Success with Schalke
Victory might have eluded the unfancied Czech team, but Nemec was on the winning side a year later when he lifted the UEFA Cup with German club FC Schalke 04 after a penalty shoot-out triumph over Internazionale FC of Italy. Nemec had joined the 1. Bundesliga team from AC Sparta Praha in 1993 following a spell with FK Dukla Praha. He became a permanent fixture at the AufSchalke Arena - helping Schalke win the German Cup in 2001 and 2002 - and Schalke manager Rudi Assauer said: "Whenever Jirí could not play, there was something special missing from our game."
Czech return
So he left a huge gap to fill when he finally returned home last summer, joining unfasionable Blšany.
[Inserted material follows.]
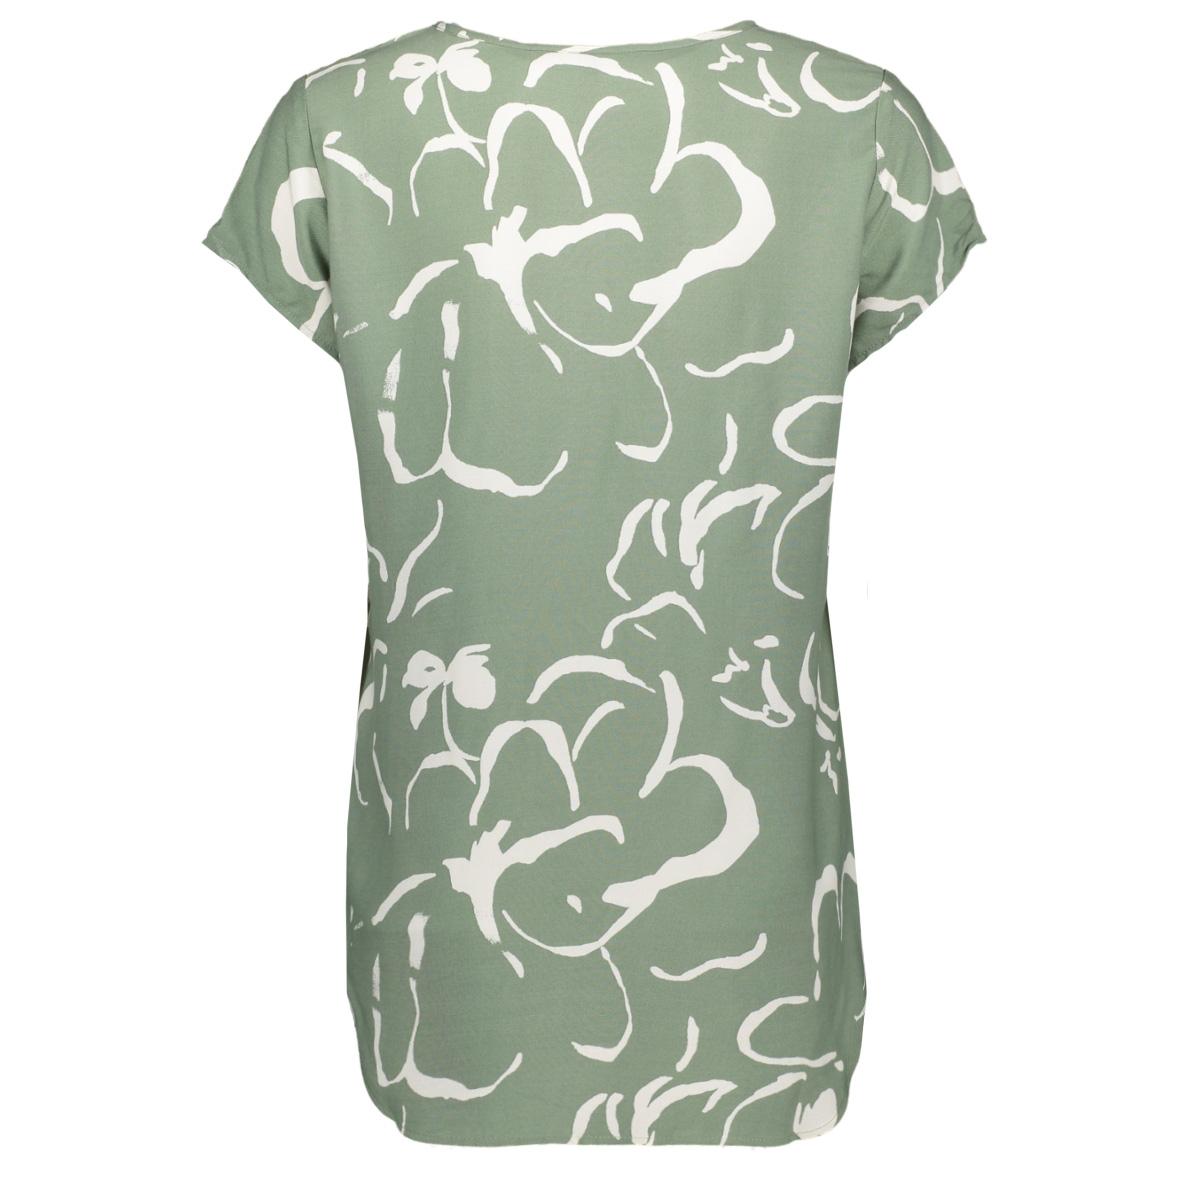 vmboca ss blouse multi aop 10132802 vero moda t-shirt hedge green/ilona coll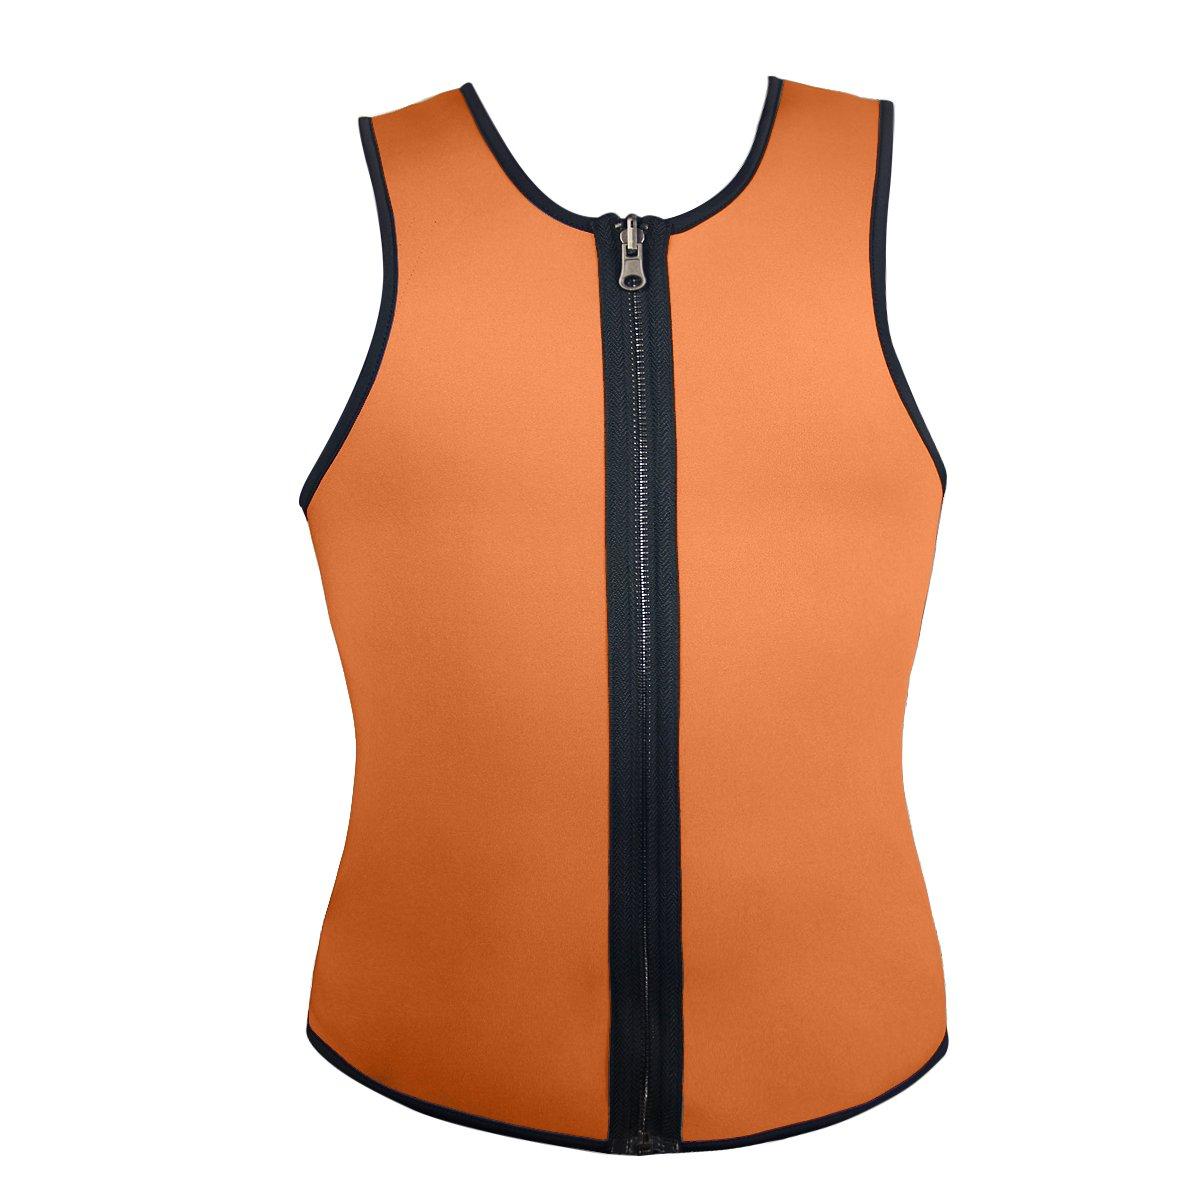 Men's Latex Workout Weight Loss Corset Reversible Training Zipper Vest yezhiyong-shop

The choice of club - and the decision to swap Schalke's 62,000-capacity stadium for crowds of a couple of hundred in a small village in Northern Bohemia - surprised many. But it was one motivated more by personal reasons than financial ones. Blšany coach Günter Bittengel is an "old friend and former team-mate" and, Nemec said, "he was a major factor in my decision".
A quiet life
There have been rumours of a move back to Sparta but Nemec said: "I have a deal at Blsany until the end of season with the option of a one-year extension. We'll see what happens." He added: "I would like to stay in football but I am sure that I never will be a coach. Their destiny is sometimes too cruel from my point of view." A quiet life beckons, then, for the quiet man of Czech football.